In the unusual case that there is no appropriate alternative to therapy with drugs affecting the renin-angiotensin system for a particular patient, apprise the mother of the potential risk to the fetus. Perform serial ultrasound examinations to assess the intra-amniotic environment. If oligohydramnios is observed, discontinue benazepril hydrochloride and hydrochlorothiazide unless it is considered life-saving for the mother. Fetal testing may be appropriate, based on the week of pregnancy. Patients and physicians should be aware, however, that oligohydramnios may not appear until after the fetus has sustained irreversible injury. Closely observe infants with histories of in utero exposure to benazepril hydrochloride and hydrochlorothiazide for hypotension, oliguria, and hyperkalemia (see PRECAUTIONS, Pediatric Use).
No teratogenic effects of benazepril hydrochloride were seen in studies of pregnant rats, mice, and rabbits. On a mg/m2 basis, the doses used in these studies were 60 times (in rats), 9 times (in mice), and more than 0.8 times (in rabbits) the maximum recommended human dose (assuming a 50-kg woman). On a mg/kg basis these multiples are 300 times (in rats), 90 times (in mice), and more than 3 times (in rabbits) the maximum recommended human dose. When hydrochlorothiazide was orally administered without benazepril to pregnant mice and rats during their respective periods of major organogenesis, at doses up to 3000 mg/kg/day and 1000 mg/kg/day respectively, there was no evidence of harm to the fetus. Similarly, no teratogenic effects of benazepril were seen in studies of pregnant rats, mice, and rabbits; on a mg/kg basis, the doses used in these studies were 300 times (in rats), 90 times (in mice), and more than 3 times (in rabbits) the maximum recommended human dose.
Thiazides can cross the placenta, and concentrations reached in the umbilical vein approach those in the maternal plasma. Hydrochlorothiazide, like other diuretics, can cause placental hypoperfusion. It accumulates in the amniotic fluid, with reported concentrations up to 19 times higher than in umbilical vein plasma. Use of thiazides during pregnancy is associated with a risk of fetal or neonatal jaundice or thrombocytopenia. Since they do not prevent or alter the course of EPH (Edema, Proteinuria, Hypertension) gestosis (pre-eclampsia), these drugs must not be used to treat hypertension in pregnant women. The use of hydrochlorothiazide for other indications (e.g., heart disease) in pregnancy should be avoided.

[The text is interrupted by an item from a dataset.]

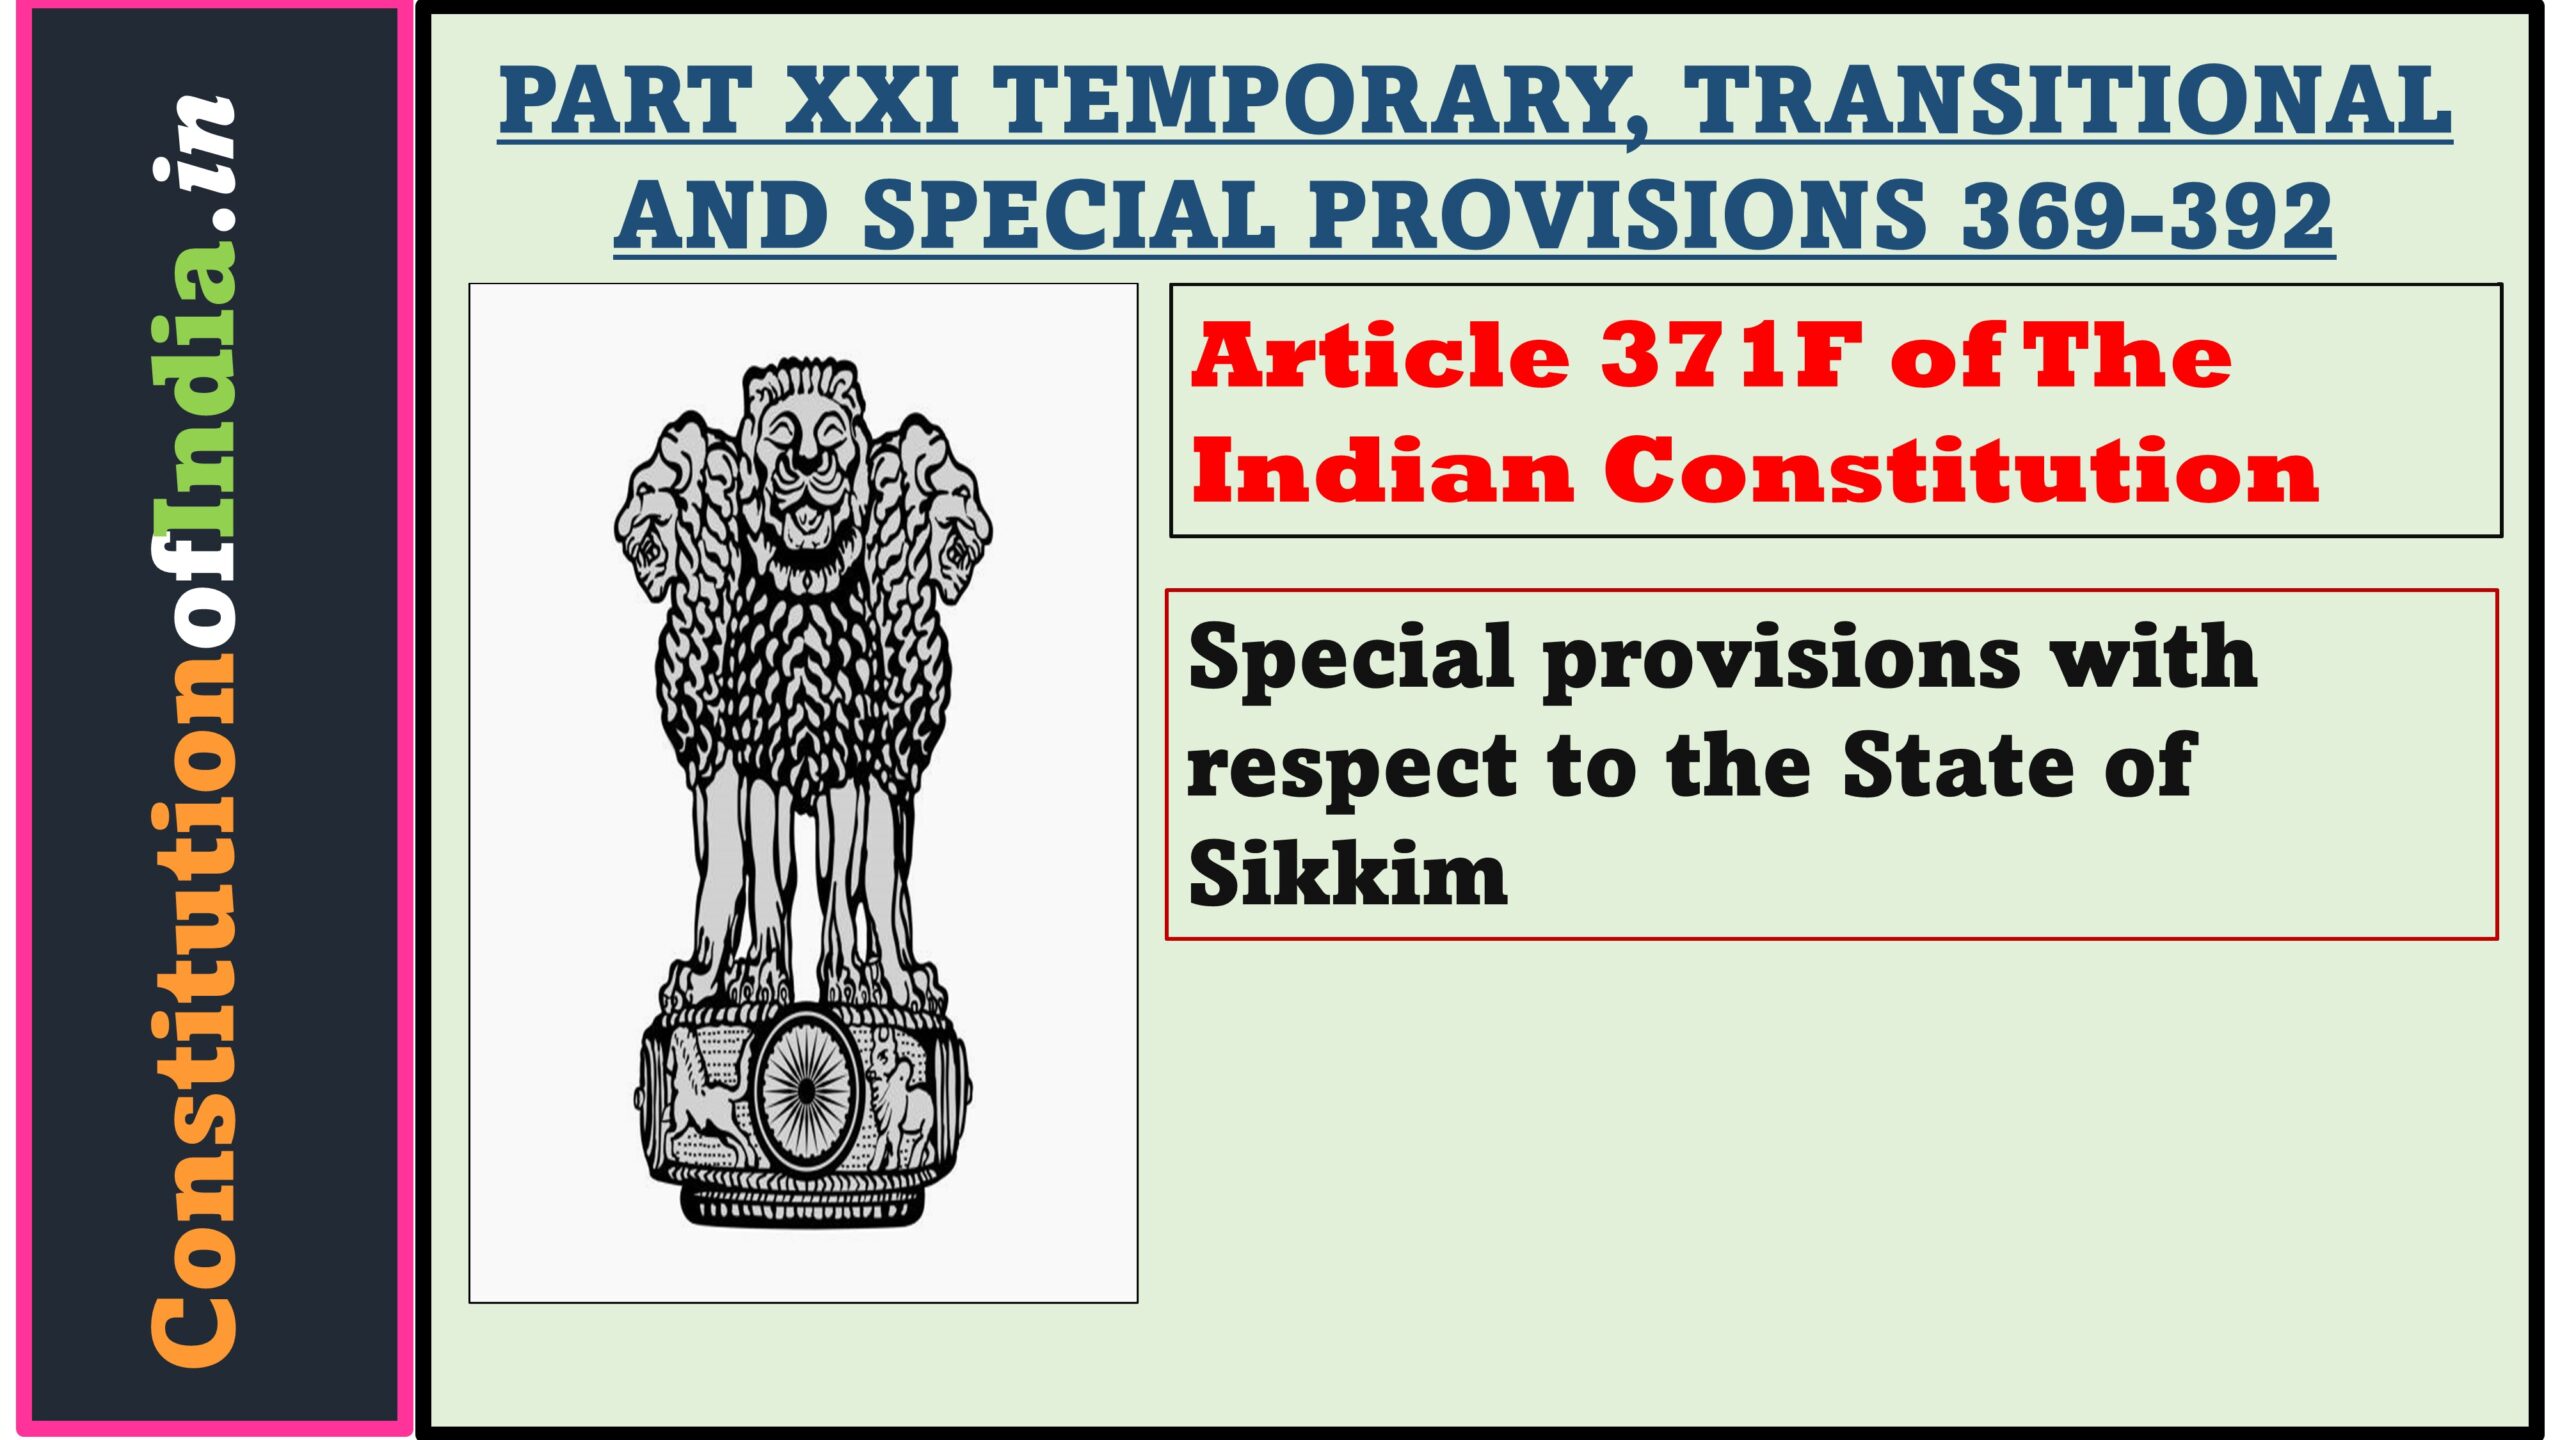 Article 371F of The Indian Constitution

Rarely, ACE inhibitors have been associated with a syndrome that starts with cholestatic jaundice and progresses to fulminant hepatic necrosis and (sometimes) death. The mechanism of this syndrome is not understood. Patients receiving ACE inhibitors who develop jaundice or marked elevations of hepatic enzymes should discontinue the ACE inhibitor and receive appropriate medical follow-up.
Thiazide diuretics have been reported to cause exacerbation or activation of systemic lupus erythematosus.
Hydrochlorothiazide, a sulfonamide, can cause an idiosyncratic reaction, resulting in acute transient myopia and acute angle-closure glaucoma. Symptoms include acute onset of decreased visual acuity or ocular pain and typically occur within hours to weeks of drug initiation. Untreated acute angle-closure glaucoma can lead to permanent vision loss. The primary treatment is to discontinue hydrochlorothiazide as rapidly as possible. Prompt medical or surgical treatments may need to be considered if the intraocular pressure remains uncontrolled. Risk factors for developing acute angle-closure glaucoma may include a history of sulfonamide or penicillin allergy.
In clinical trials of benazepril hydrochloride and hydrochlorothiazide, the average change in serum potassium was near zero in subjects who received 5/6.25 mg or 20/12.5 mg, but the average subject who received 10/12.5 mg or 20/25 mg experienced a mild reduction in serum potassium, similar to that experienced by the average subject receiving the same dose of hydrochlorothiazide monotherapy.
Hydrochlorothiazide can cause hypokalemia and hyponatremia. Hypomagnesema can result in hypokalemia which appears difficult to treat despite potassium repletion. Drugs that inhibit the renin-angiotensin system can cause hyperkalemia. Monitor serum electrolytes periodically.
Hydrochlorothiazide may alter glucose tolerance and raise serum levels of cholesterol and triglycerides.
Hydrochlorothiazide may raise the serum uric acid level due to reduced clearance of uric acid and may cause or exacerbate hyperuricemia and precipitate gout in susceptible patients.
Thiazides decrease urinary calcium excretion and may cause mild elevation of serum calcium. Avoid using benazepril hydrochloride and hydrochlorothiazide in patients with hypercalcemia.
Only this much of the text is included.